12 janvier 2011 par Sophie Perchellet


C’était il y a un an. Un terrible séisme de magnitude 7 frappait violemment la population haïtienne. Les victimes se comptaient par centaines de milliers tandis que plus d’un million de personnes étaient soudainement jetées à la rue, leurs habitations ne ressemblant alors qu’à des tas de gravats. Malgré l’élan de générosité et de solidarité internationale qui fait suite à l’annonce de cette catastrophe, les promesses d’hier sont aujourd’hui loin d’être satisfaites.

« Petite compétition entre amis »

L’importante médiatisation et la vive émotion que cette catastrophe a suscitées au delà des simples frontières haïtiennes permettent, dans les jours qui suivent le 12 janvier, une relative assistance internationale en matière de secours d’urgence.

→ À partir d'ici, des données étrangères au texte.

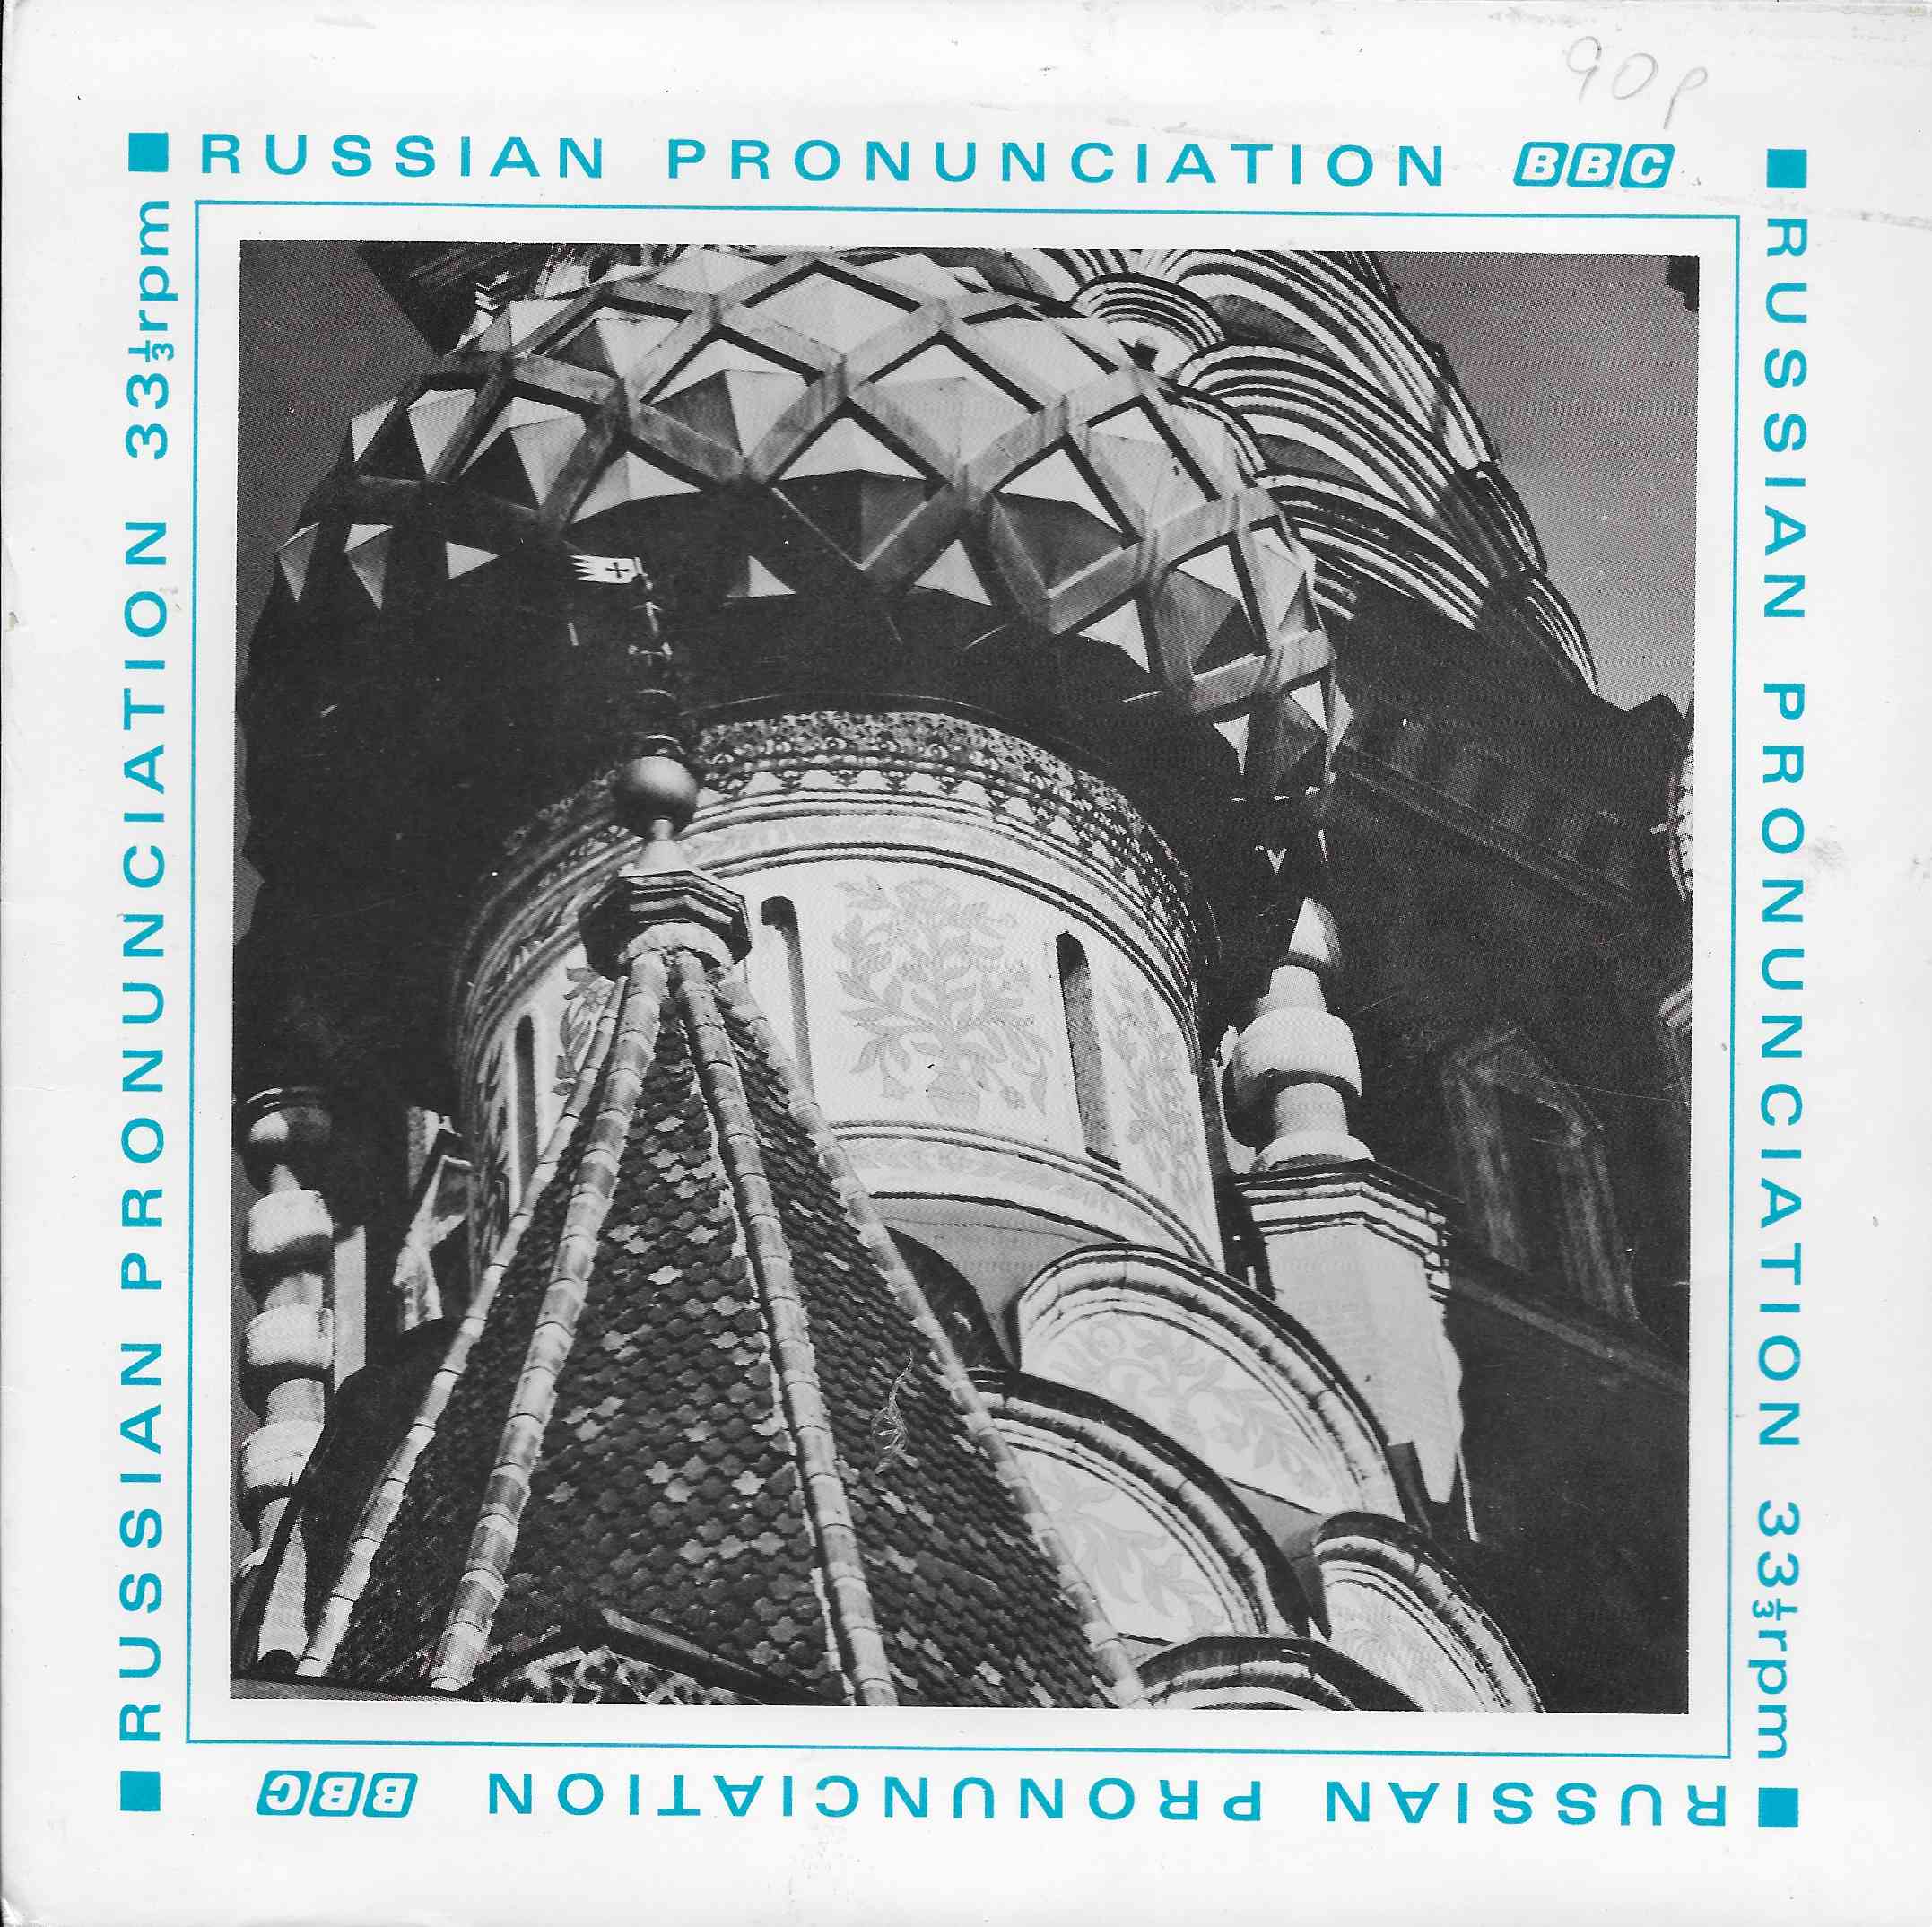 Picture of Russian pronunciation by artist Natalie Waterson from the BBC singles - Records and Tapes library

Les États se bousculent alors pour « se tenir aux côtés » des Haïtiens en « cette période difficile » [1]. Exprimant tour à tour leur « profonde émotion  [2] », une course à l’assistance est lancée dans les quelques jours qui suivent le séisme. La question de la reconstruction en Haïti soulève de nombreuses opportunités pour les « pays amis ». Si certains mettent en avant « leurs relations historiques » - qui par ailleurs, sont basées sur la colonisation, l’exploitation et l’occupation militaire- pour légitimer leur soi-disant « soutien », d’autres pays, à l’image de Cuba ou du Venezuela, adoptent une attitude différente. Pour Sony Esteus, directeur exécutif de la Société d’Animation et de Communication Sociale (SAKS), «  la différence notable, c’est que la coopération se fait dans le respect des droits, mais surtout, dans la dignité du peuple haïtien [3] », avec le Vénézuela et Cuba. Les soutiens financiers se multiplient tandis que la misère de la population, vendue à travers le monde, s’est transformée en une véritable source de revenus. Des milliards de dollars sont ainsi promis, mais la population haïtienne n’en voit pas la couleur.

Ces circonstances dramatiques auraient dû renforcer le rôle de l’État. Seulement, c’est le contraire qui s’est passé. Plutôt que d’être placé au centre de la gestion de l’assistance humanitaire et de la reprise des activités quotidiennes, sans oublier l’élaboration et la définition de politiques publiques favorisant les démunis, l’État et ses instances sont plus faibles que jamais. La Communauté Internationale s’est emparée du processus de reconstruction, et la diversité des acteurs mais aussi des intérêts empêchent toute avancée constructive. C’est ainsi que tous les plans de reconstruction sont quasiment exclusivement orientés vers la promotion de l’assistance étrangère, de l’investissement étranger et du libre- échange. Chaque État appuie les intérêts de ses entreprises et agences tandis que les Organisations Internationales s’imposent en interlocuteurs privilégiés, faisant la jonction entre l’État haïtien et les intérêts privés étrangers.

Port-au-Prince

De l’urgence à la concrétisation, il y a plus qu’un pas !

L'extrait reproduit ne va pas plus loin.